Wendy, a 50-year-old Hongkonger who recently immigrated to Taiwan, is sitting in her new home in Taiwan, a flat that is three times as big as her old place in Hong Kong, as she watches a TV news report about five Hong Kong people who were recently rescued by Taiwan’s Coast Guard from a boat adrift in the sea.

“Thank God I applied for immigration in March of 2018,” she says gravely. Back then, Wendy heard rumors that the Taiwanese government was planning to raise the minimum amount of NT$6 million that Hong Kong citizens must invest in Taiwan to obtain investor immigrant status. Acting quickly, she contacted an immigration consulting firm for assistance with the paperwork.

Ben, a thirty-something who has been in a steady relationship with his Taiwanese girlfriend for five years, is less lucky.

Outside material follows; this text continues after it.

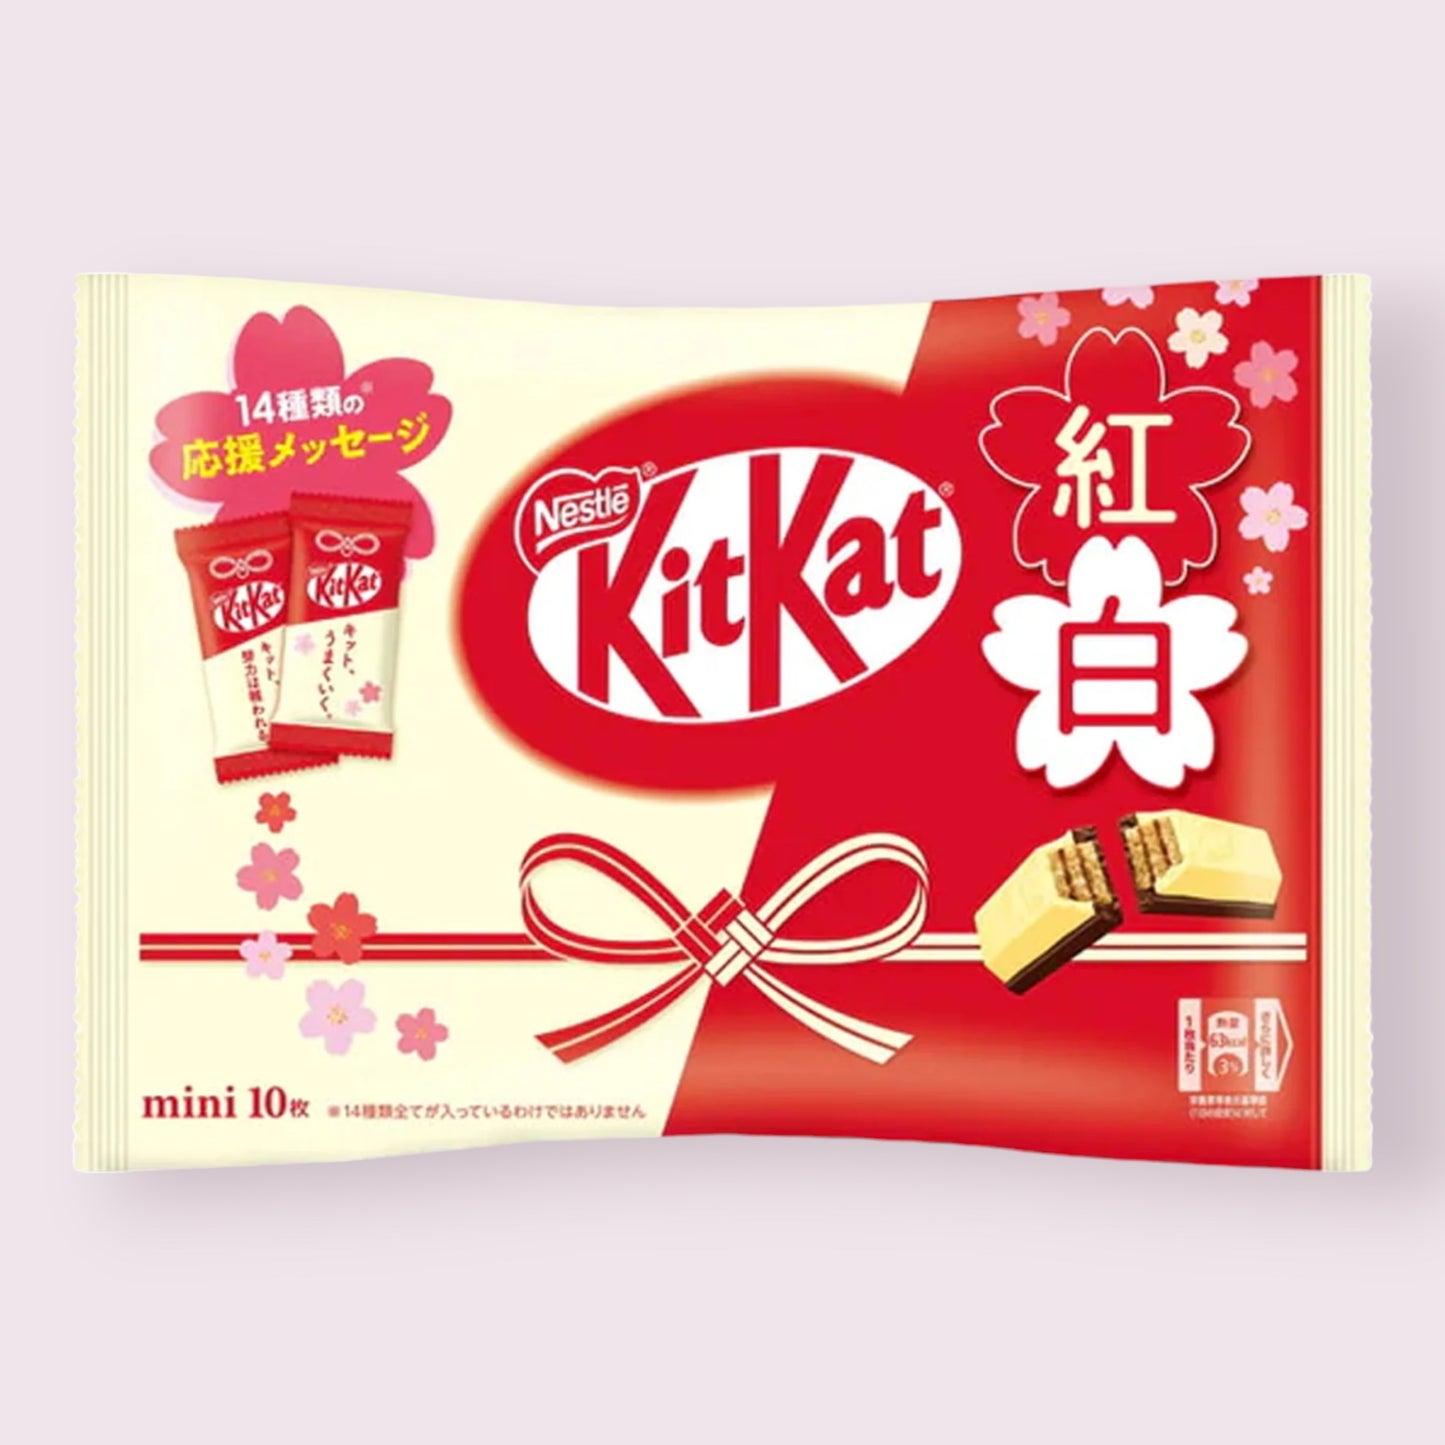 Kit Kat White & Dark Chocolate Duo Bag  Pixie Candy Shoppe

Ben, a photographer, was planning to take advantage of a temporary job in Taiwan to apply for a business visa at the Taipei Economic and Cultural Office in Hong Kong, which handles visa affairs as Taiwan’s representative office in the former British territory. He and his girlfriend would then register their marriage in Taiwan. But after several trips to the visa office, Ben has not yet made it beyond the long queues to actually hand in an application.

“An office clerk told me right away that Taiwan is very strict now, and that I had better not go to Taiwan unless it is absolutely necessary,” says Ben.

After visiting the visa office several times yet failing to gain an appointment to determine whether he was entitled to a business visa, Ben tried to make an appointment online, waiting in front of his computer screen every morning minutes before the system opens at 9 a.m. Yet each time, the web server was overloaded, making it impossible to enter the appointment system.

Ben’s conundrum illustrates the dilemma in which the Taiwanese government finds itself. On the one hand, it voices vocal support for Hong Kong freedoms and its willingness to help, but on the other hand it lacks the resources to follow through.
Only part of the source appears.